[Biopython-dev] [Biopython] MOODS: fast search for position weight matrix matches in DNA sequences.

Mon Oct 12 18:08:26 UTC 2009

Hi all,

On Thu, Sep 24, 2009 at 2:51 PM, Bartek Wilczynski
<bartek at rezolwenta.eu.org> wrote:
> On Thu, Sep 24, 2009 at 2:27 PM, Brad Chapman <chapmanb at 50mail.com> wrote:
>>
>> A separate news post mentioning the C option speed and showing usage
>> examples from both is a great idea. Responsiveness to new methods is
>> the fun part of science.
>>
> I'll try to write that up and send it to the list.

This took me, unfortunately more than I thought it would...

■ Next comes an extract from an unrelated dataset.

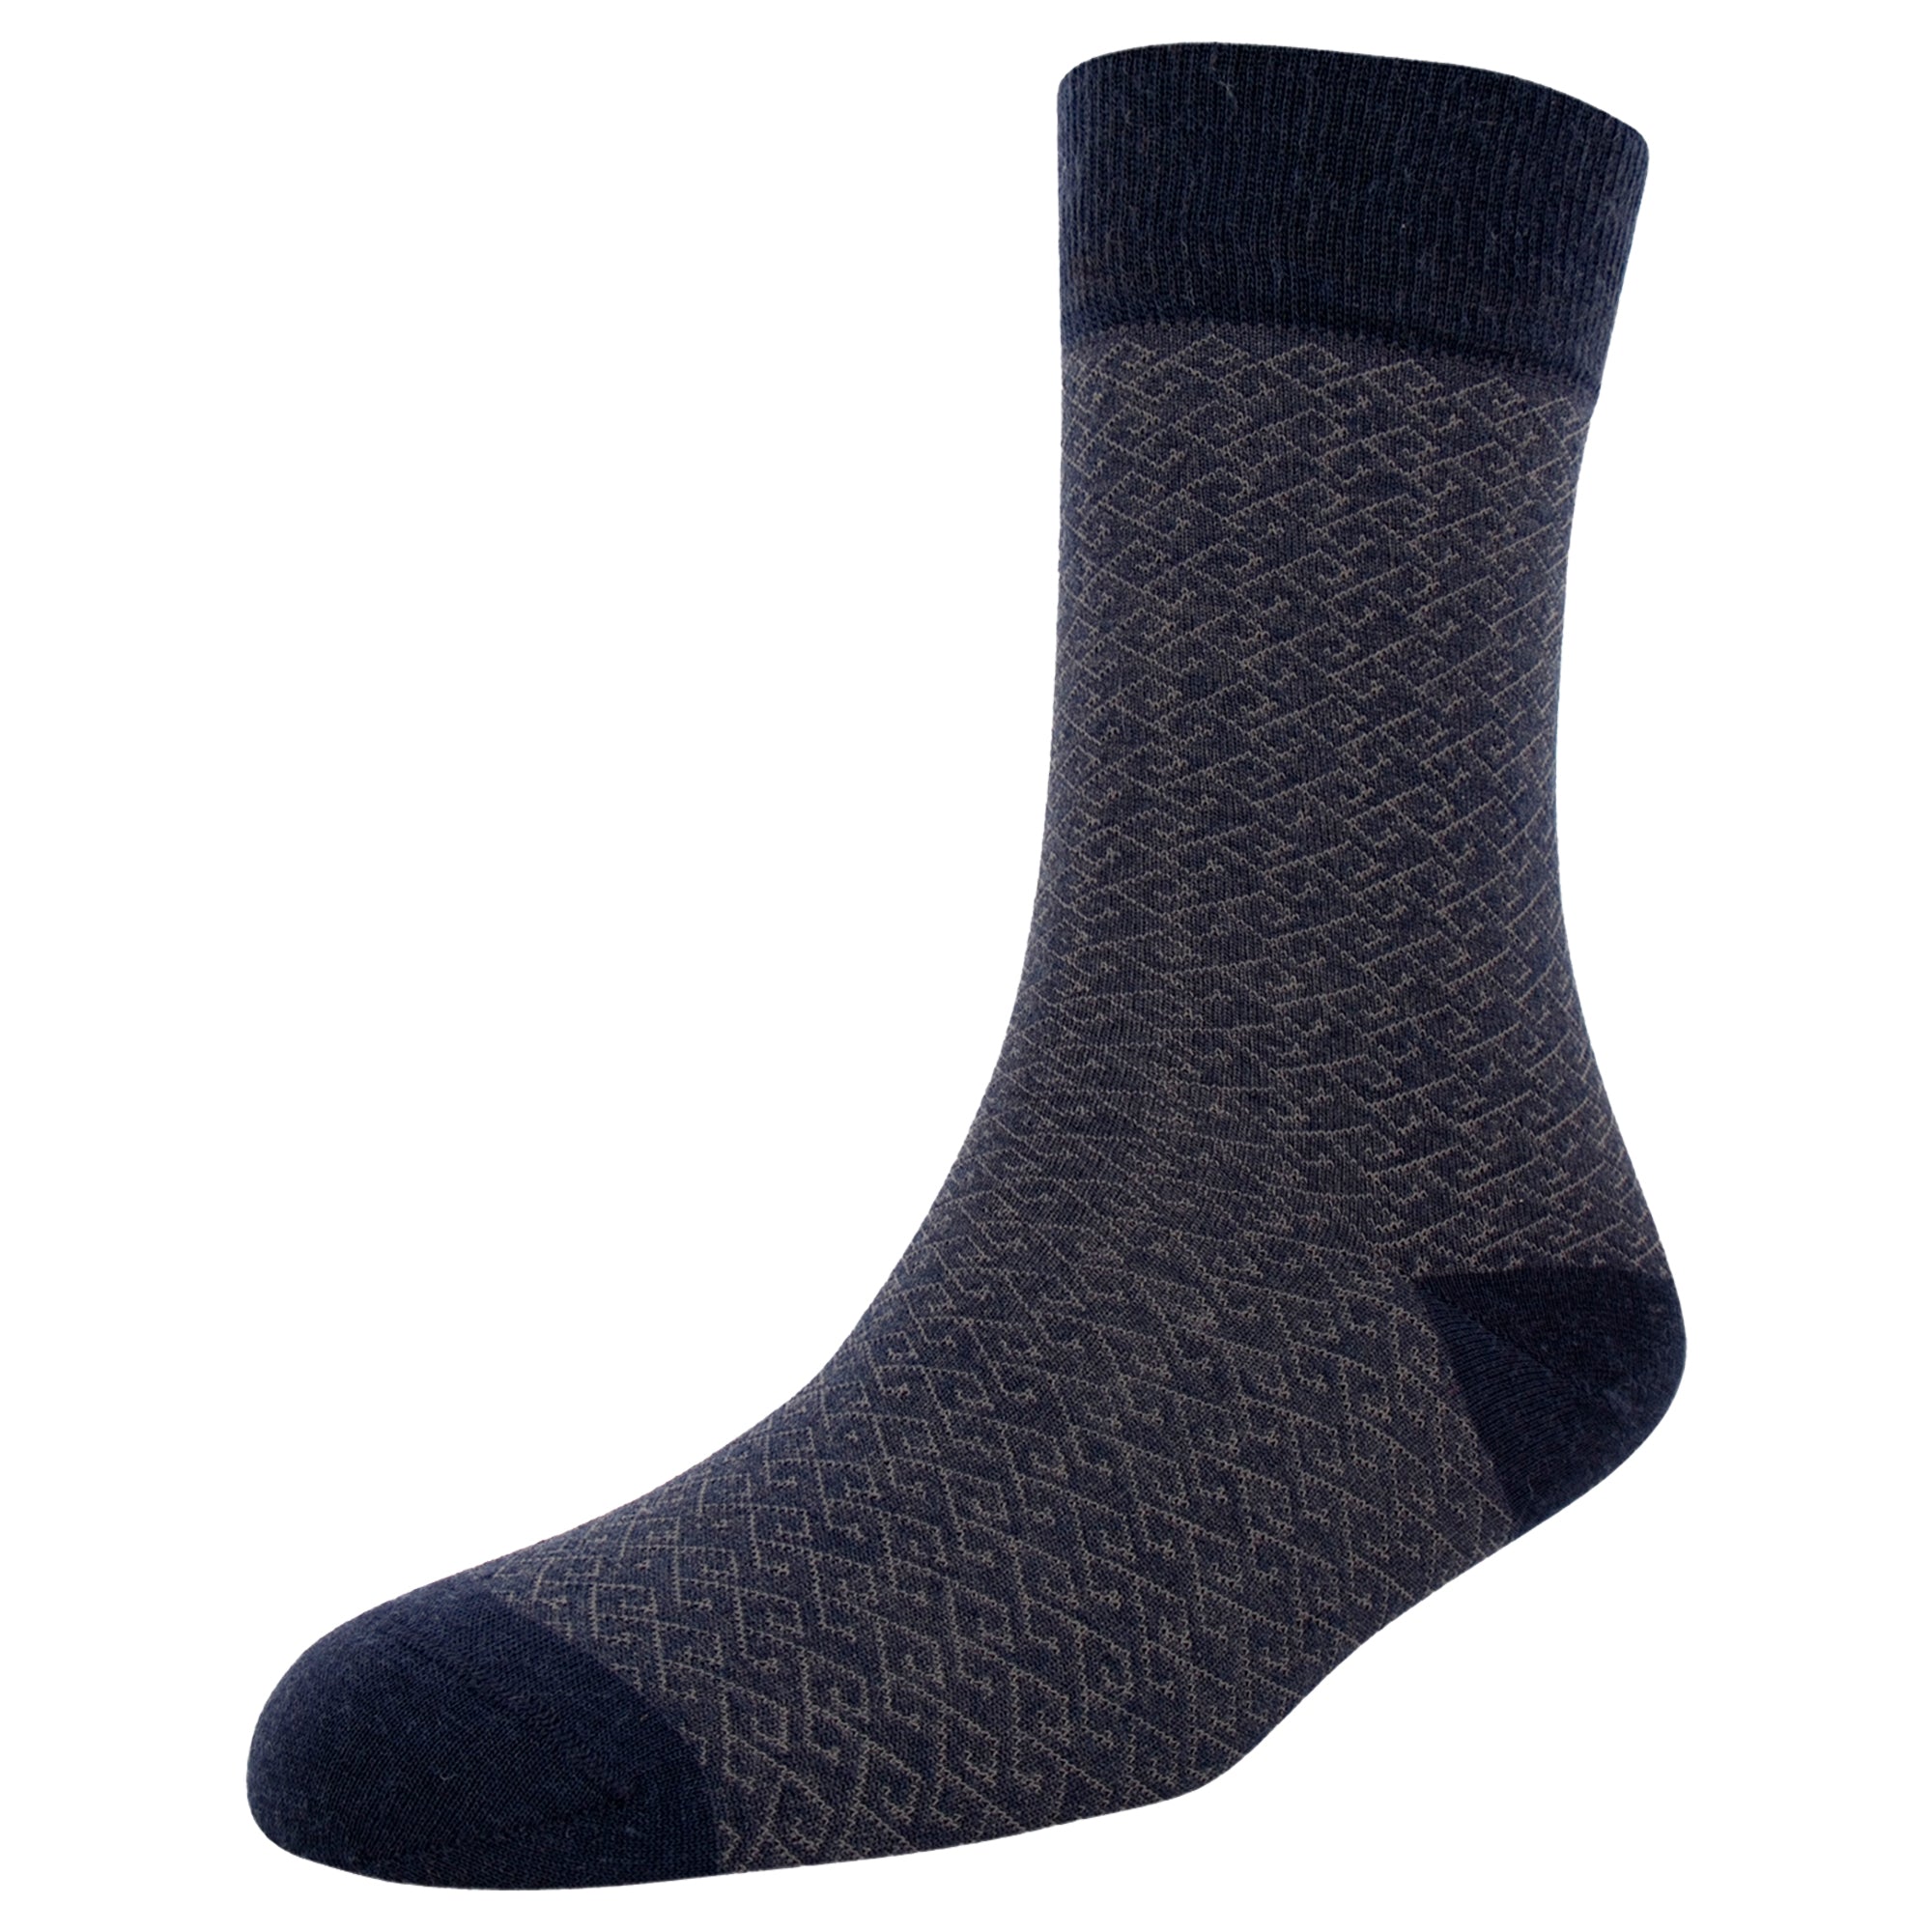 Men's Merino Wool Abstract Fashion Standard Length Socks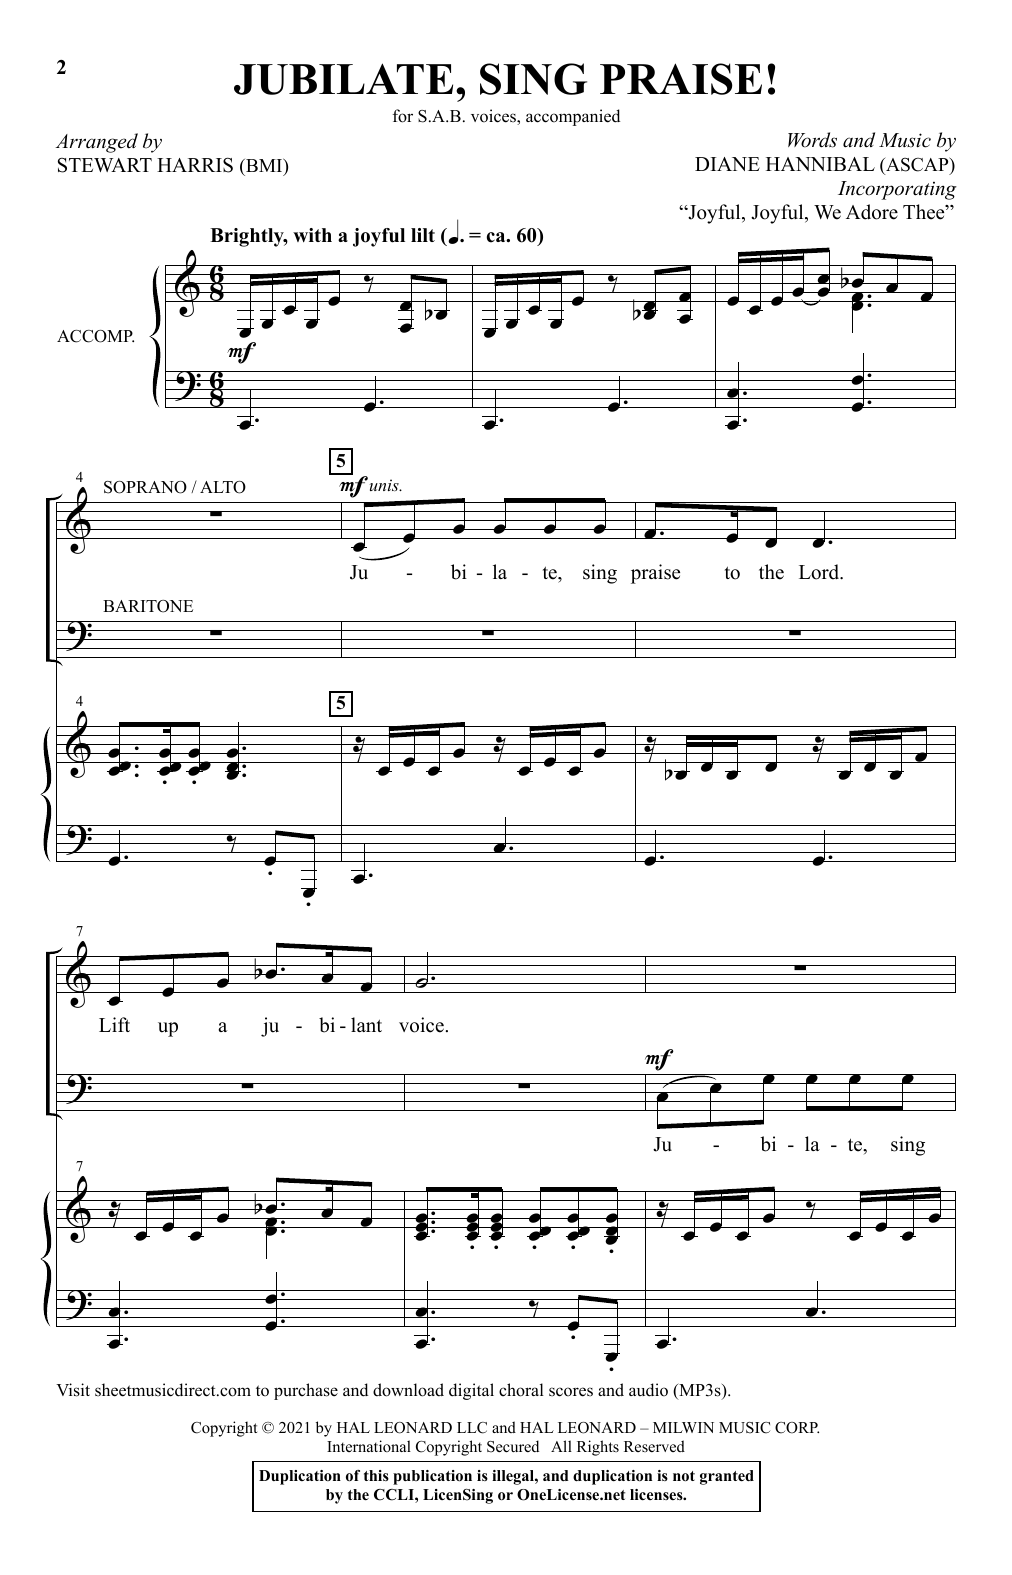 Diane Hannibal Jubilate, Sing Praise! (arr. Stewart Harris) Sheet Music Notes & Chords for SAB Choir - Download or Print PDF

The reasons are partially non-related (finishing a paper) and
partially related to the matter.

To put it short, my original plan was to include a wrapper for MOODS
as a patch to biopython (if it is in the system -> use it) and include
that information in this blog post. However, as I performed more tests
of MOODS, I found out, that it might not be such a great idea. While
the C module written for biopython by Michiel is working like a
breeze, the MOODS package is a bit more moody... I needed to tweak the
makefile to compile it on my mac, but it was working (most of the
time) afterwards. Then I wanted to try on my linux box where it
compiled with no problems, but it was giving me segfaults on my
scripts which ran fine on a mac (it did run the simple examples
though...). In addition to that, I found that the performance of MOODS
was not always better than that of the brute force algorithm, which is
already in Biopython. At the same time the maintainability of the
Michiel's code is incomparable with the complex stuff they have.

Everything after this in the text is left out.